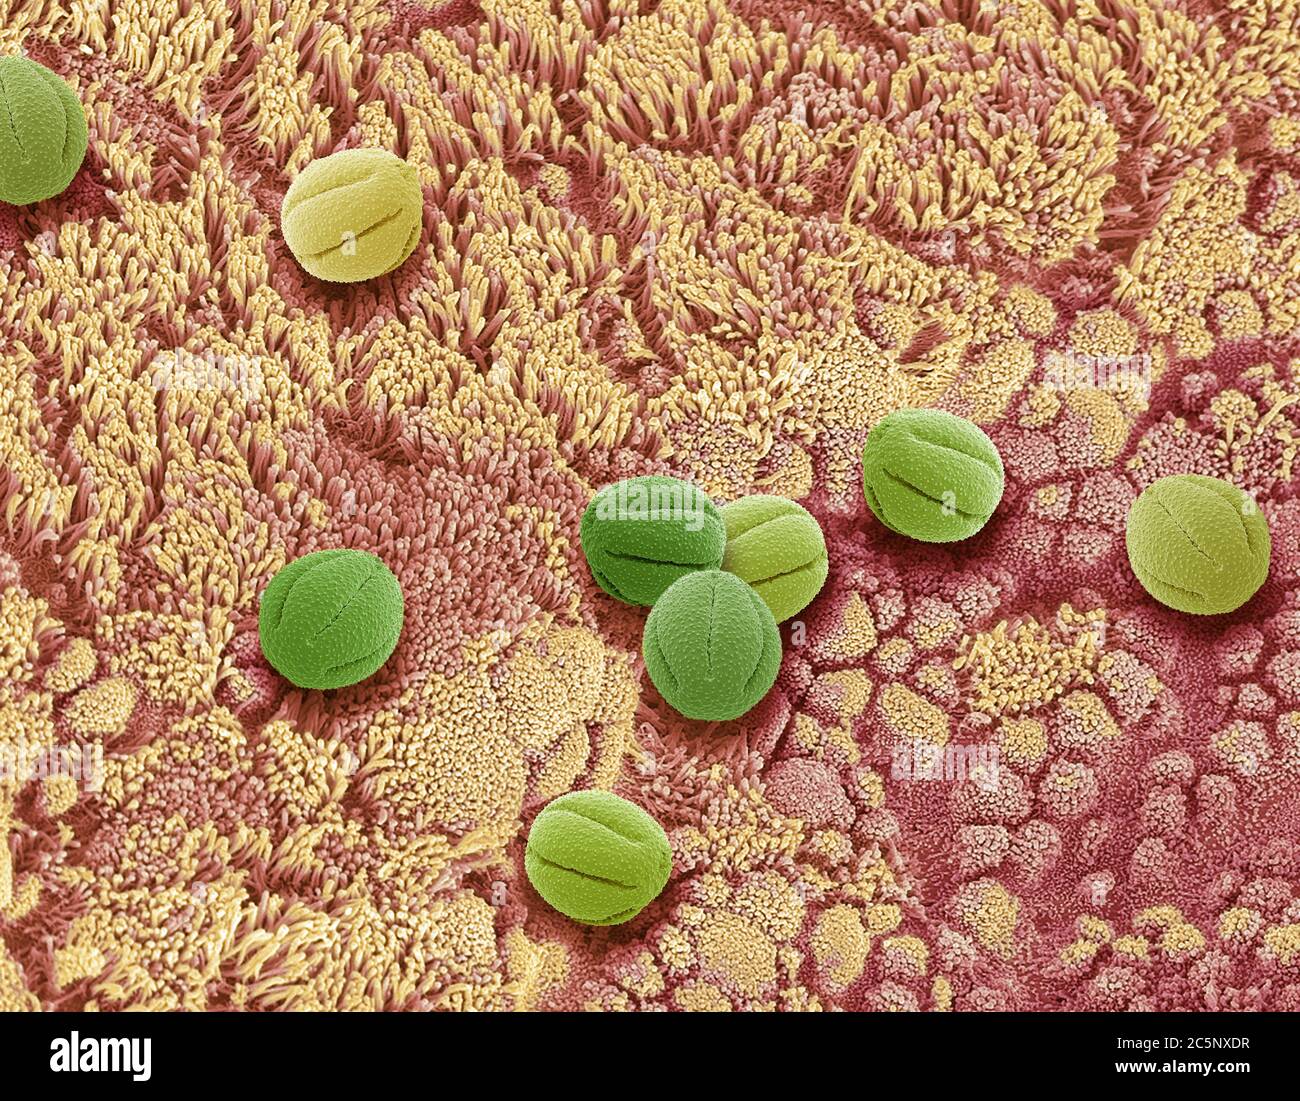 Image composite de l'épithélium nasal et du pollen. Micrographe électronique à balayage coloré (SEM) de la surface de l'épithélium nasal inhalé dans le pollen. Banque D'Images
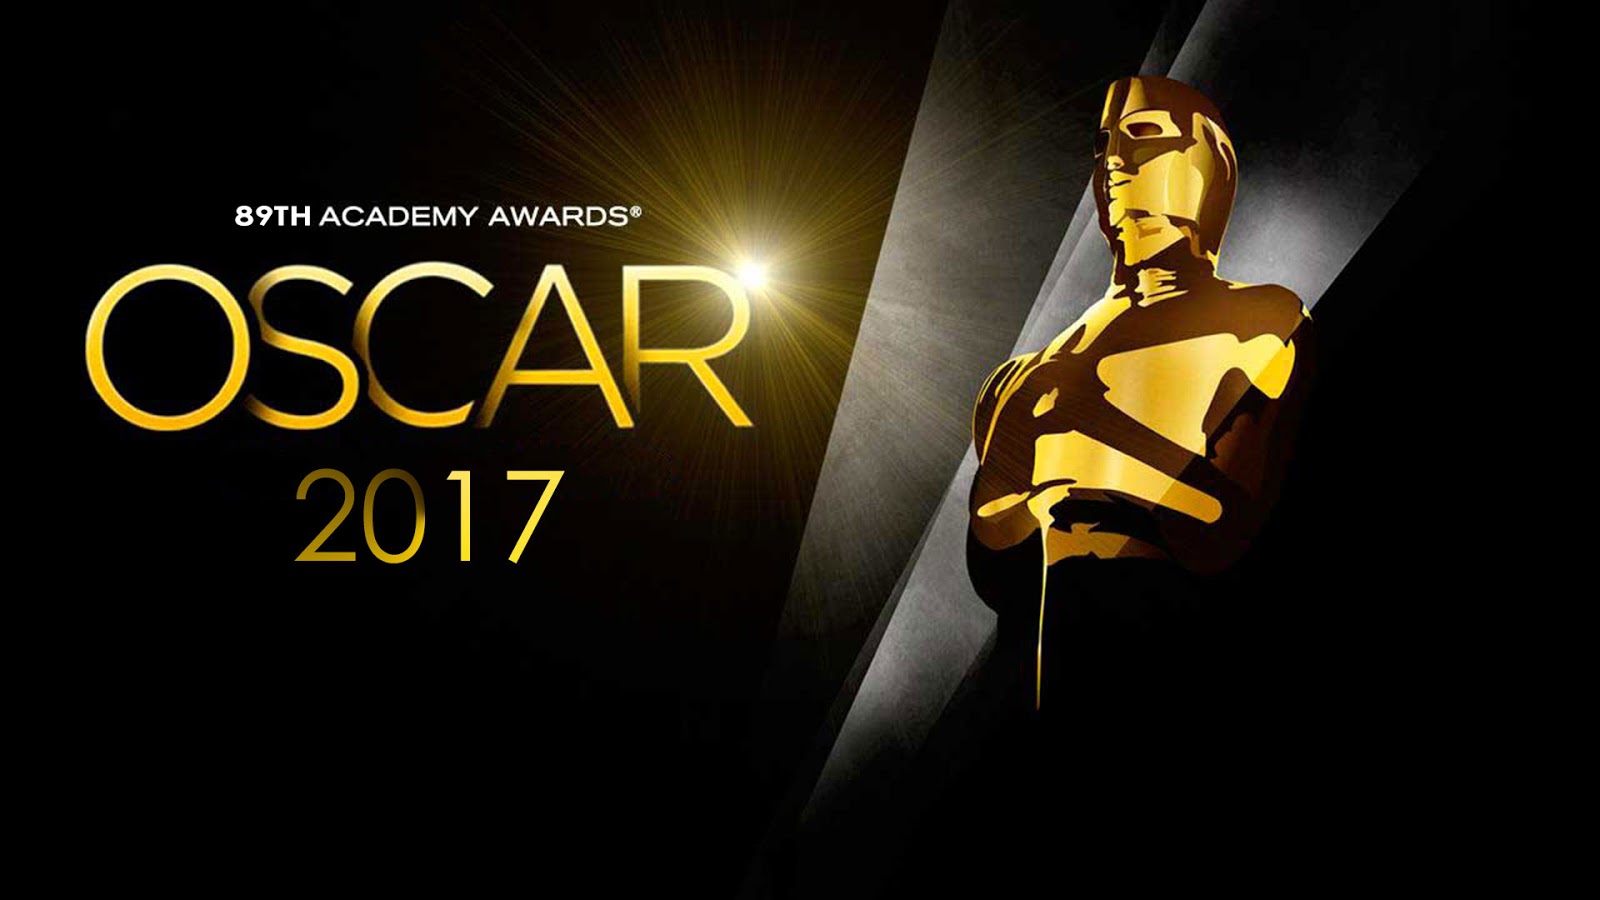 The Oscars Banner
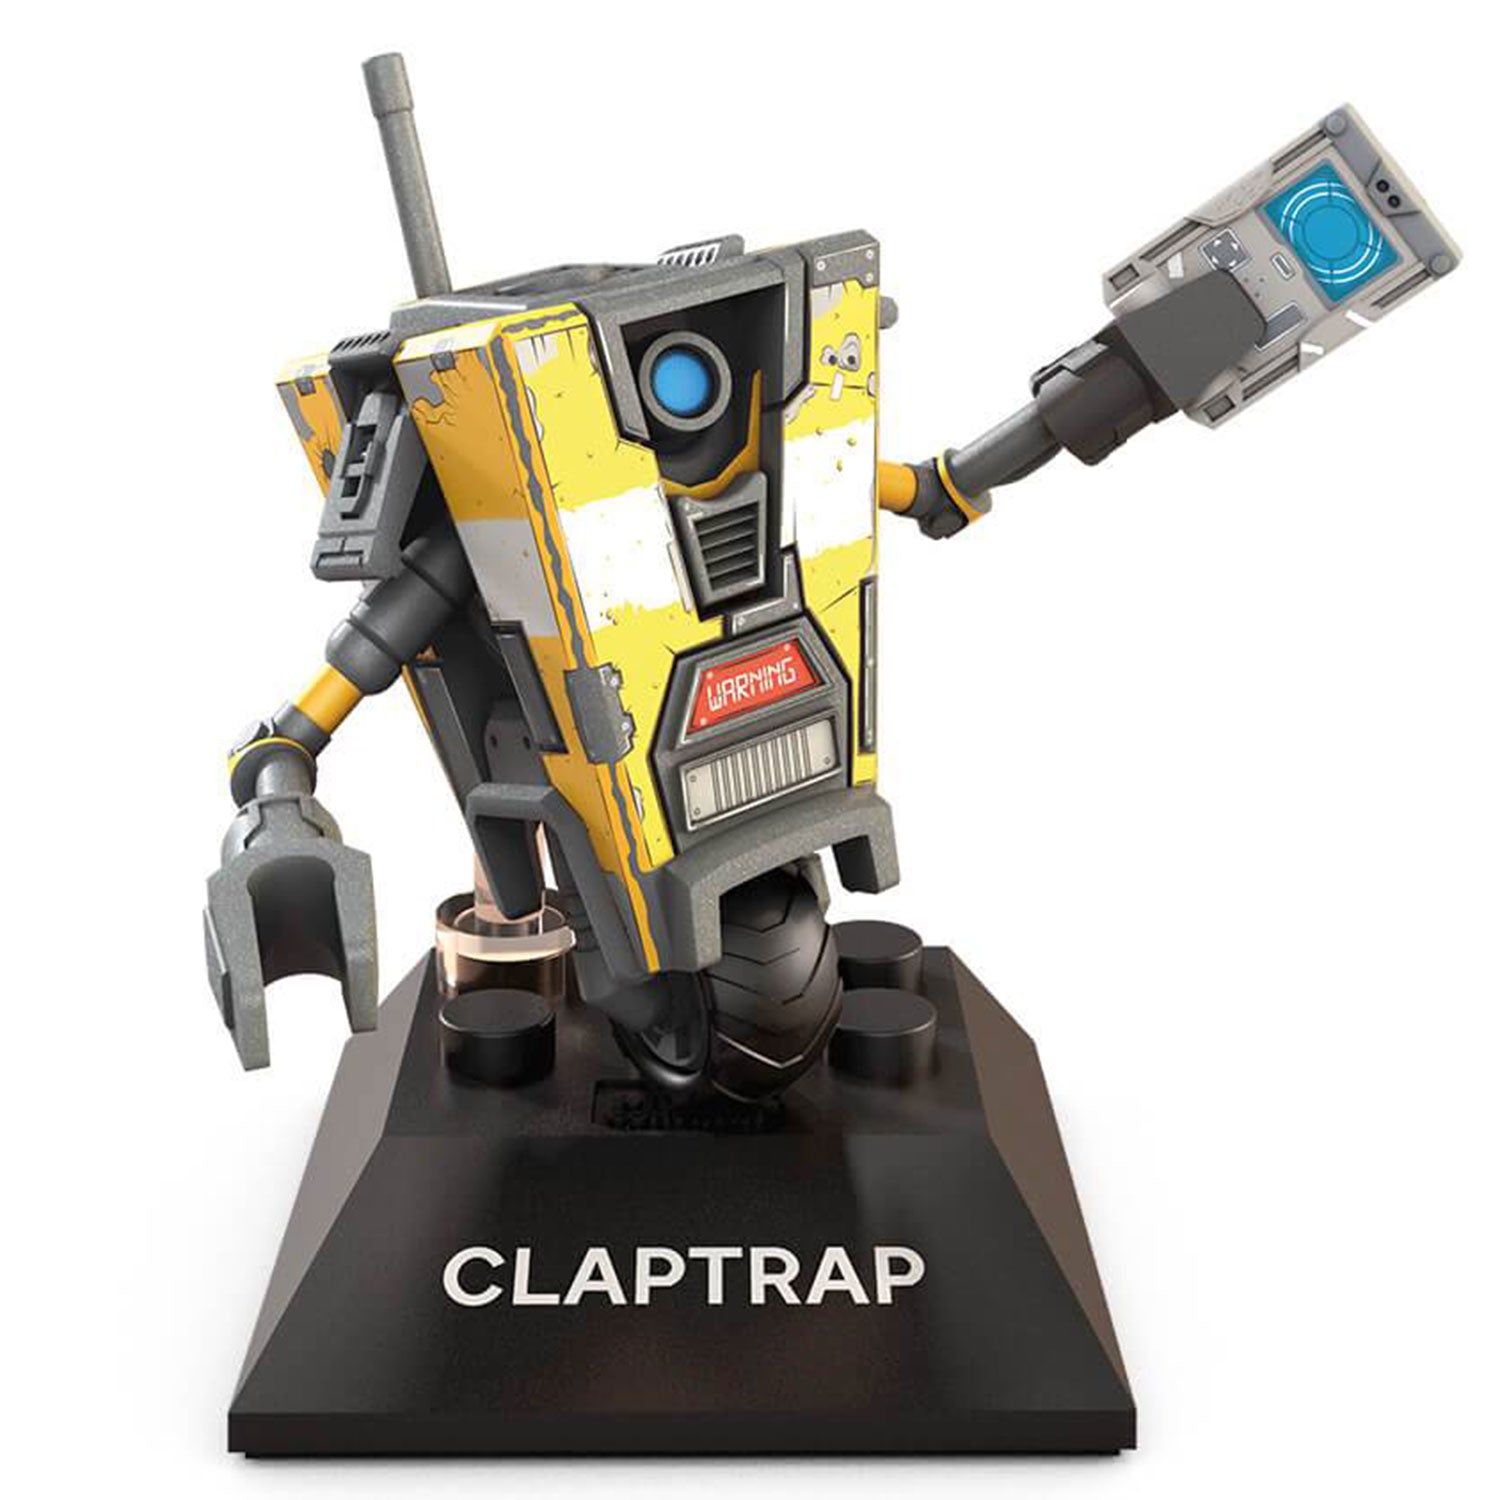 Claptrap - Mega Construx Borderlands 3 Black Series Figure Pack

━━━━━━━━━━

YOUR TASK:
Please repeat the data above exactly as it appears, pictures excluded.

RESULT OF THE TASK:
 Image composite de l'épithélium nasal et du pollen. Micrographe électronique à balayage coloré (SEM) de la surface de l'épithélium nasal inhalé dans le pollen. Banque D'Images
 The Oscars Banner
 Claptrap - Mega Construx Borderlands 3 Black Series Figure Pack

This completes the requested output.